RU2759843C1 - Elementary unit for a lithium-ion battery and battery based on it - Google Patents

Abstract

FIELD: battery production.SUBSTANCE: invention relates to materials of lithium-ion batteries with high specific energy. An elementary unit of a battery consists of current collectors, an anode, a cathode, an electrolyte and an insulator. Thin–film electrolytes are used as electrolytes, lithium-cation-conducting materials are used as cathodes. A multilayer graphite-silicene composition is used as an anode with a ratio of 5 monoatomic layers of silicene on a graphite substrate of 4-8 monoatomic layers of graphene. The silicene sheets are separated by a gap of 0.24-0.75 nm. The graphite substrate is preferably made of 8 layers and is coated with silicene on both sides. A lithium-ion battery is made from parallel connected elementary cells placed in a housing isolated from the external environment of the atmosphere. The cells can be connected mirrorlike relative to the plane parallel to the plane of the silicene.EFFECT: increase in the number of discharge/charge cycles of the battery to 5000 and above without reducing the specific capacity of the anode below 3500 mAh/g in the operating temperature range (from -50 to 100°C), reducing the size and weight of the lithium-ion battery, eliminating the volumetric expansion of the anodes of the elementary cells and the lithium-ion battery as a whole.5 cl, 2 dwg, 1 tbl

Description

The group of inventions relates to alternative energy, in particular to materials of new generation lithium-ion batteries with high specific energy.

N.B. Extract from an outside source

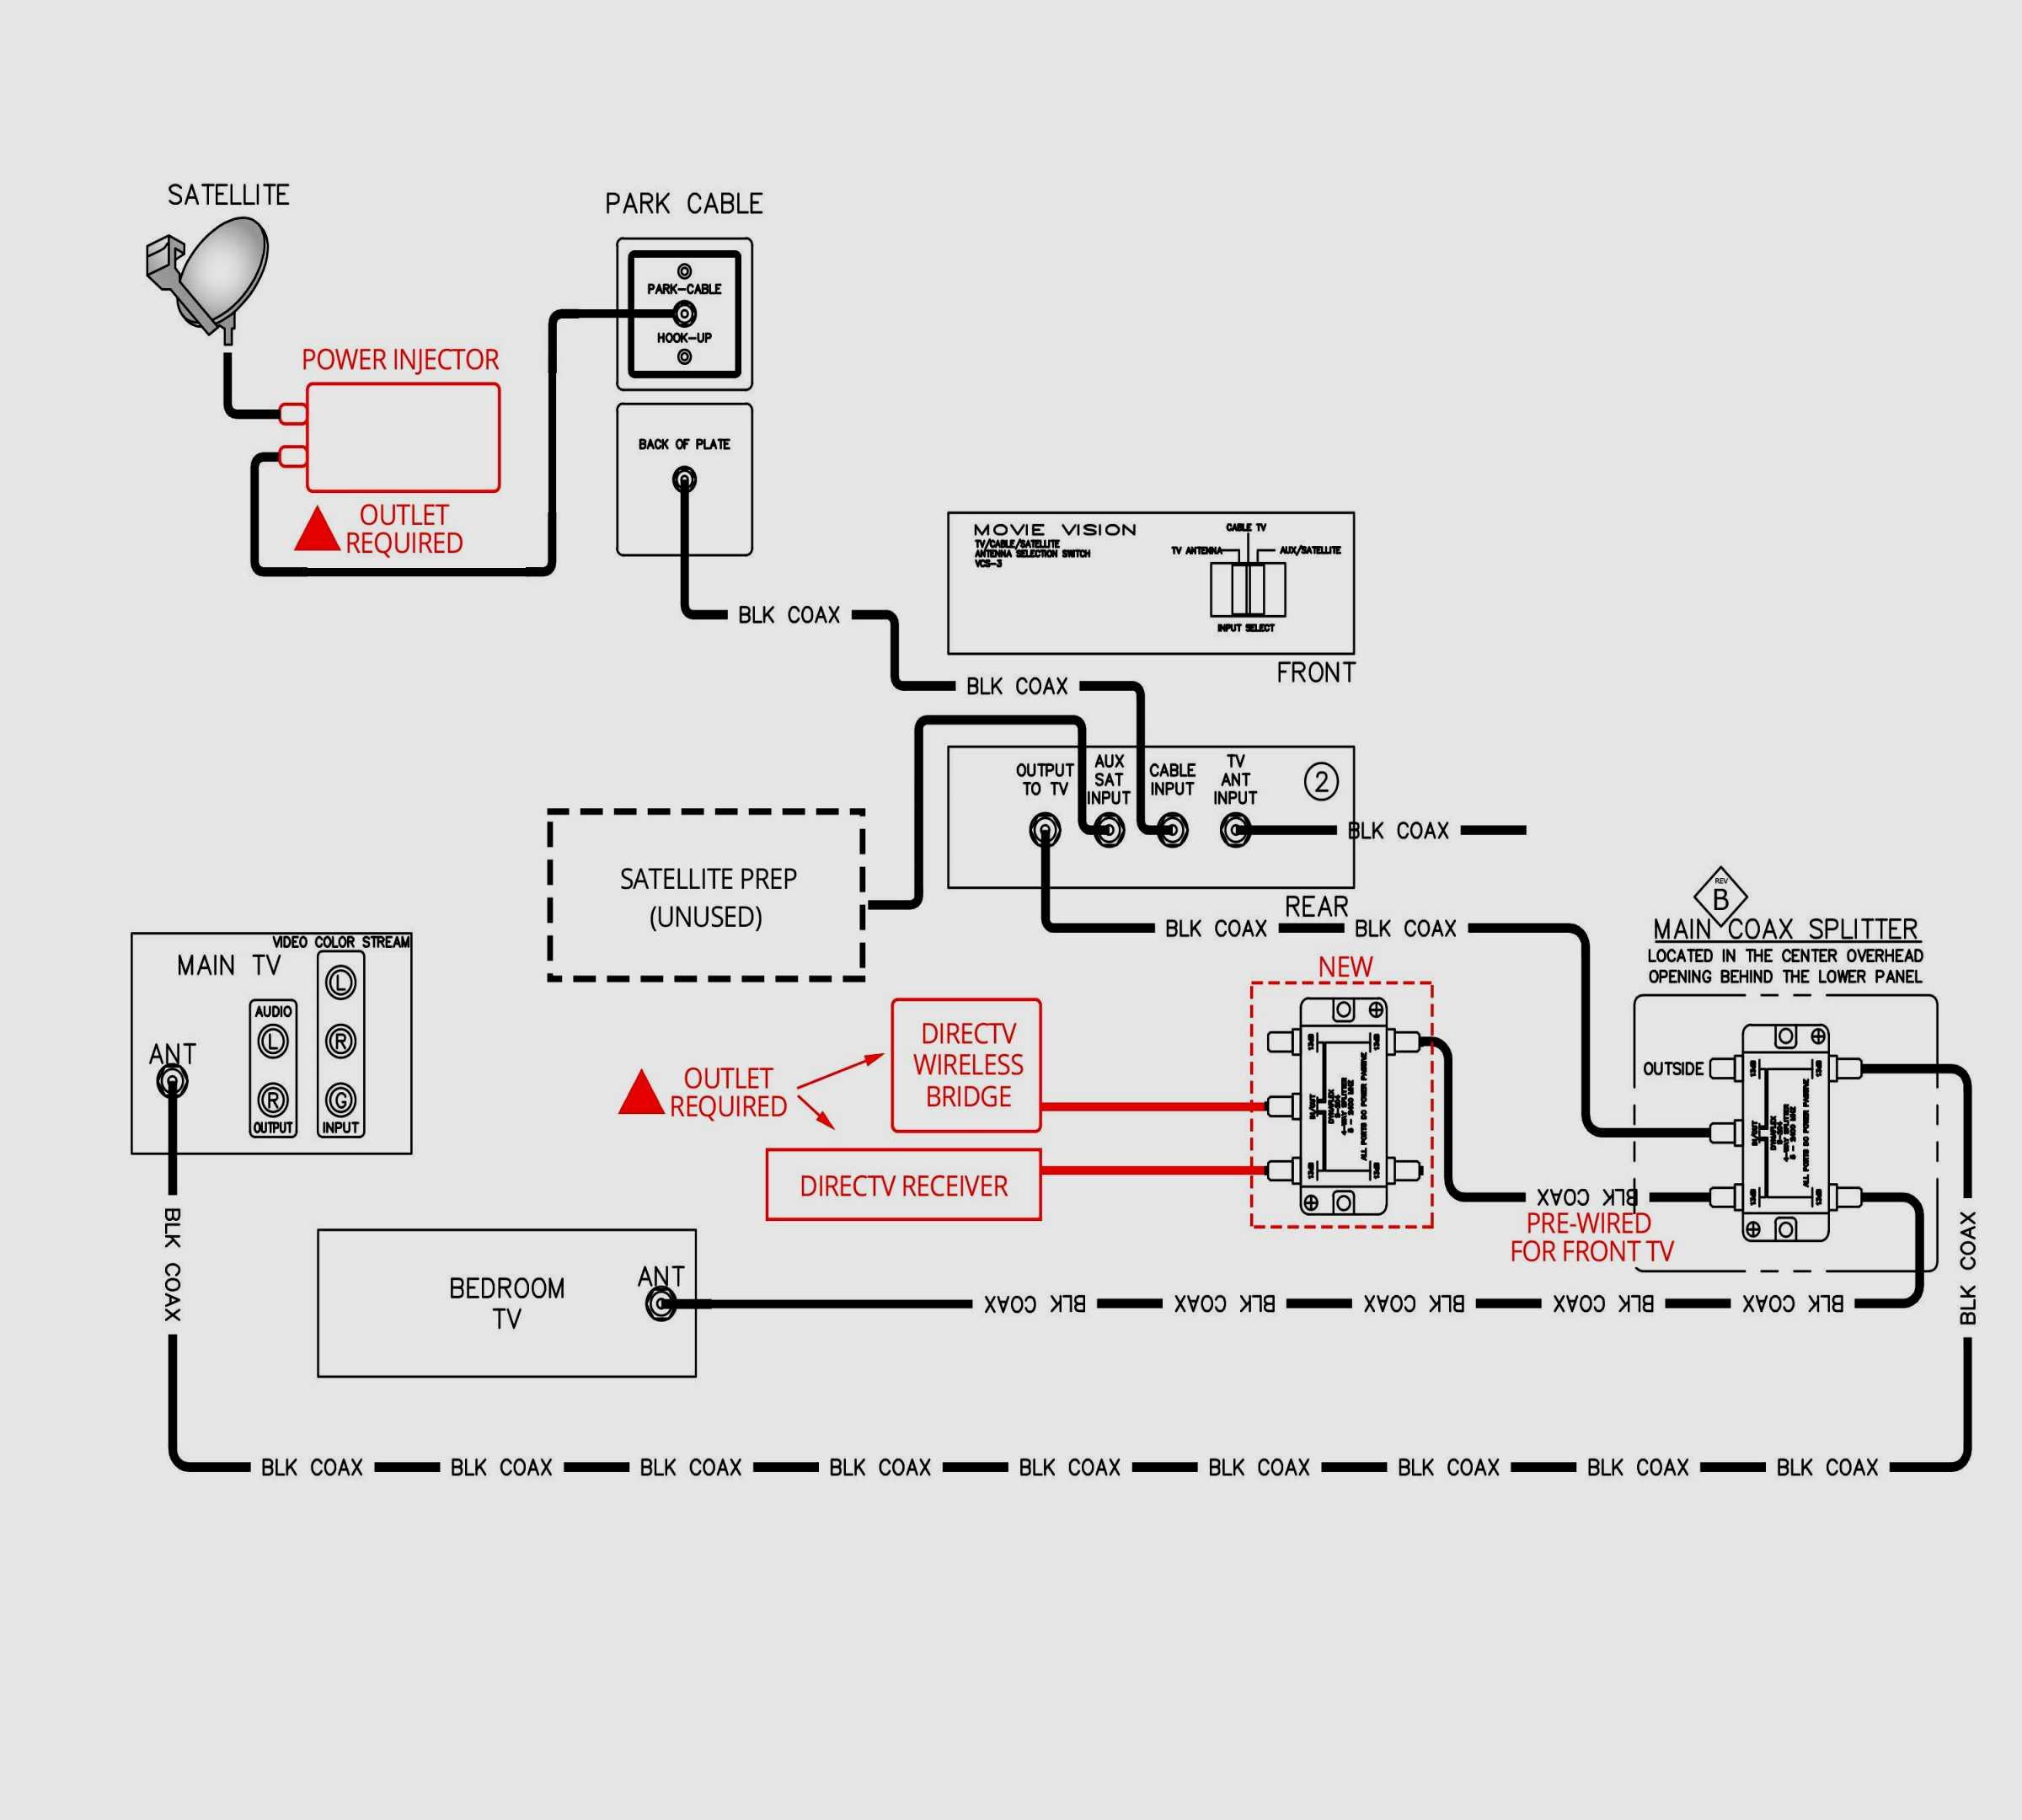 Direct Tv Satellite Dish Wiring Diagram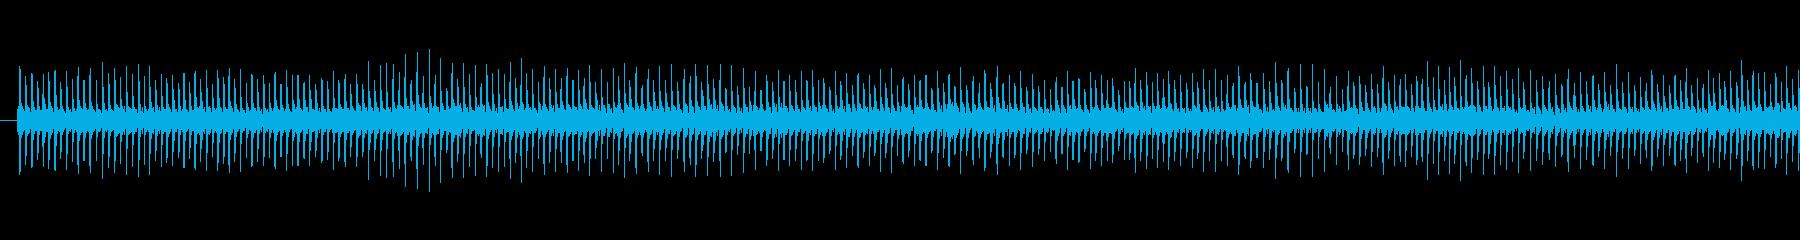 ジー(タイマー音)の再生済みの波形

The development of portable chemical power sources, or batteries with high specific energy and low weight, is relevant for the automotive, aerospace, oil and gas, defense and other industries. The greatest prospects are associated with the improvement of lithium-ion batteries, the disadvantages of which are relatively low capacity, high weight, low charging speed, malfunctioning at full discharge, as well as when overcharging.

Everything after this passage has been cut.